Aktualny poradnik dla pracodawców dotyczący ochrony danych osobowych w miejscu pracy wywołał spore zamieszanie ze względu na bezkompromisowe podejście do danych osobowych kandydatów. Przewiduje on obowiązek niezwłocznego niszczenia CV zebranych w procesie rekrutacji po podpisaniu umowy o pracę z nowo zatrudnionym pracownikiem. Dłuższe przetrzymywanie danych osobowych kandydatów do pracy, którzy nie dostali oferty zatrudnienia jest zdaniem UODO możliwe wyłącznie w wyjątkowych, szczególnie uzasadnionych sytuacjach.
Czytaj także:
RODO: zmiany w rekrutacji pracowników od 4 maja 2019
To bardzo rygorystyczna interpretacja przepisów. Wielu pracodawców przetrzymywało wcześniej dane osobowe kontrkandydatów osoby, która dostała ofertę zatrudnienia, jako zabezpieczenie i dowód w ewentualnym procesie o odszkodowanie za dyskryminację w czasie rekrutacji. Dane kontaktowe do innych kandydatów były także cenne dla pracodawców w razie zakończenia niepowodzeniem okresu próbnego przez osobę, która wygrała konkurs na dane stanowisko. Nie musieli wtedy na nowo rozpoczynać procesu.

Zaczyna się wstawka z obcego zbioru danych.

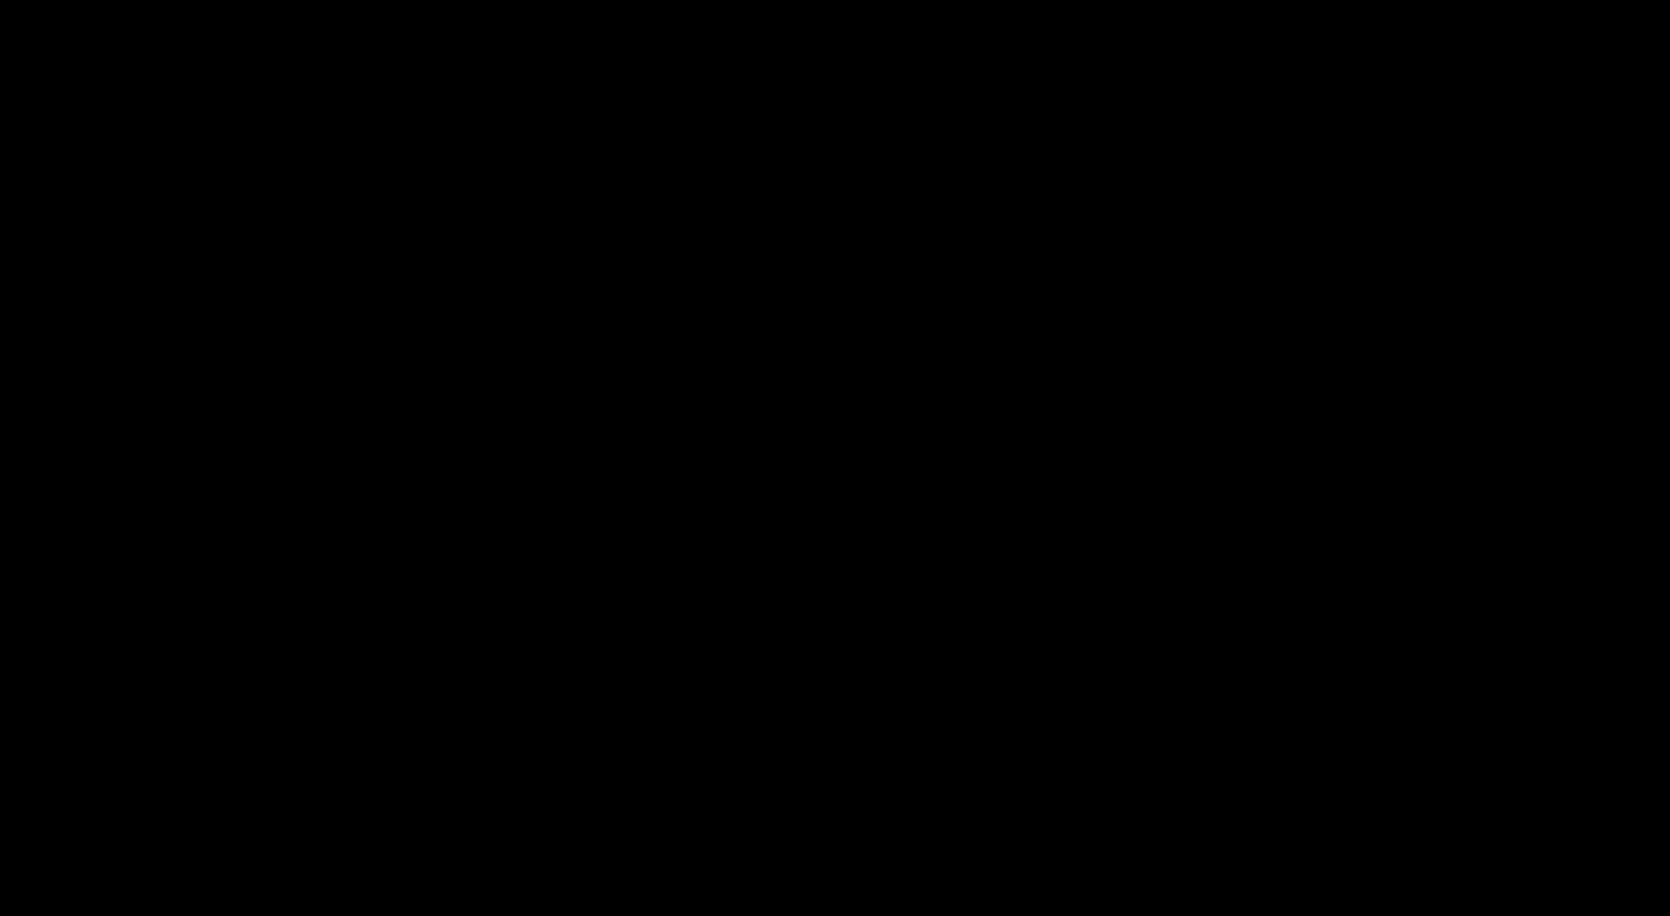 5-Bromo-4-chloro-3-indolyl-α-D-N-acetylneuraminic acid methyl ester

W odpowiedzi na te wątpliwości Ministerstwo Cyfryzacji wydało 23 stycznia 2019 r. objaśnienia prawne, z których wynika, że pracodawcy mają uzasadniony interes prawny w przetrzymywaniu danych kandydatów po zakończeniu procesu rekrutacji, a jest nim ochrona przed roszczeniami tych kandydatów. Wychodzi więc na to, że pracodawca mógłby trzymać dane osobowe kandydatów do pracy nawet przez trzy lata, bo wtedy właśnie upływa okres przedawnienia roszczeń w prawie pracy. Nawet gdyby pracodawcy bardzo chcieli, nie ma żadnej gwarancji, że kontrolerzy UODO będą stosować te objaśnienia.